Broadband near-IR photoluminescence in Ni2+ doped gallium silicate glass–ceramics

Abstract

Broadband and tunable near-infrared (NIR) emission of Ni2+ doped glass–ceramics (GCs) is highly attractive due to their potential to address the challenge of broadband optical amplification in the optical communication band. However, optical activity of Ni2+ in different glass matrix as well as nucleation and crystallization processes in relevant glasses have not been understood fully. Here, broadband NIR photoluminescence was realized through precipitation of LiGa5O8:Ni2+ nanocrystals (NCs) within an alkali gallium-silicate glass matrix by melt-quenching and successive heat treatment.

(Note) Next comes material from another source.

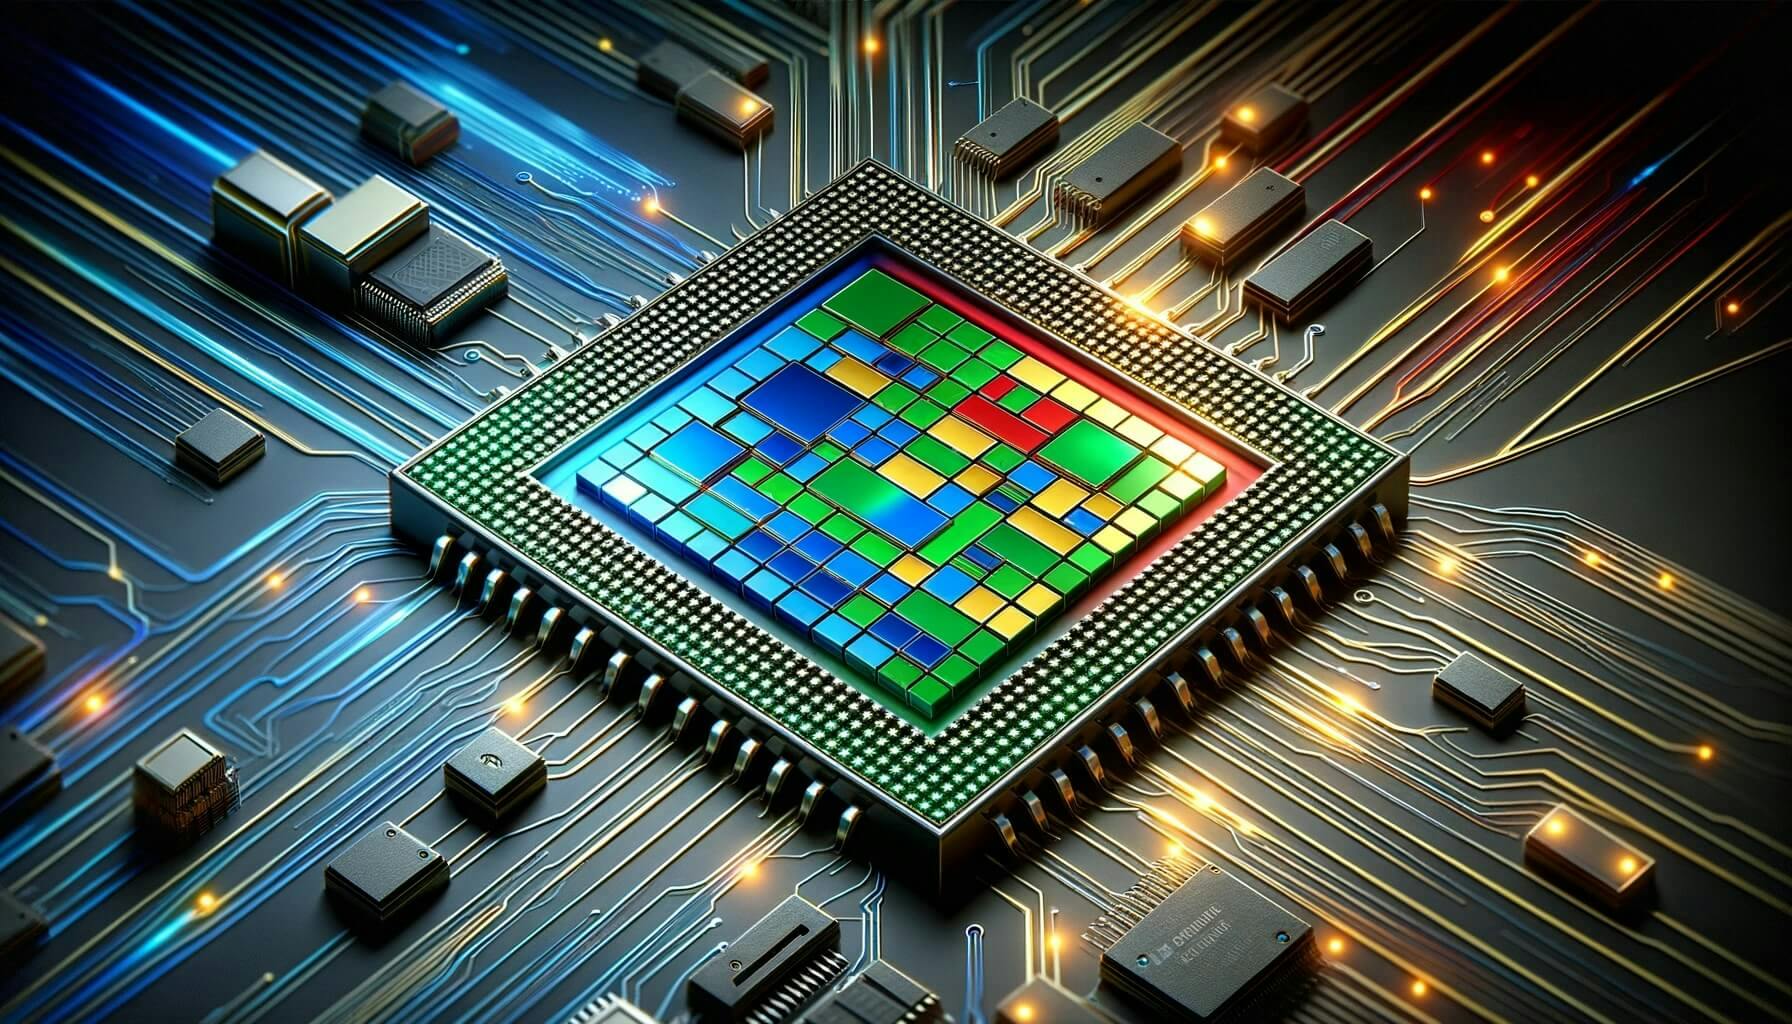 Microsoft unveils new AI chip 'Maia' in collaboration with OpenAI

Upon exciting by a 980 nm laser diode, we observed NIR photoluminescence band centered at ~ 1310 nm with full width at half maximum of wider than 300 nm, which was originated from 3T2g(3F) → 3A2g(3F) electronic transition of octahedral coordinated Ni2+ in LiGa5O8 NCs embedded in the GCs. Controlled precipitation of NCs, LiGa5O8:Ni2+ and Ga2O3:Ni2+ were achieved by tailoring the composition of alkali gallium-silicate glass matrix. ab initio molecular dynamics simulation was carried out to clarify the formation of nanophases in the glass system. We confirmed that optical properties of transparent GCs containing Ni2+ NCs can be realized by changing molar percentages of Ga2O3. Our results offer a new insight into the precipitation of NCs in oxide glasses and Ni2+ doped GCs, which may be applicable in the photonic fields, such as optical amplifier and laser.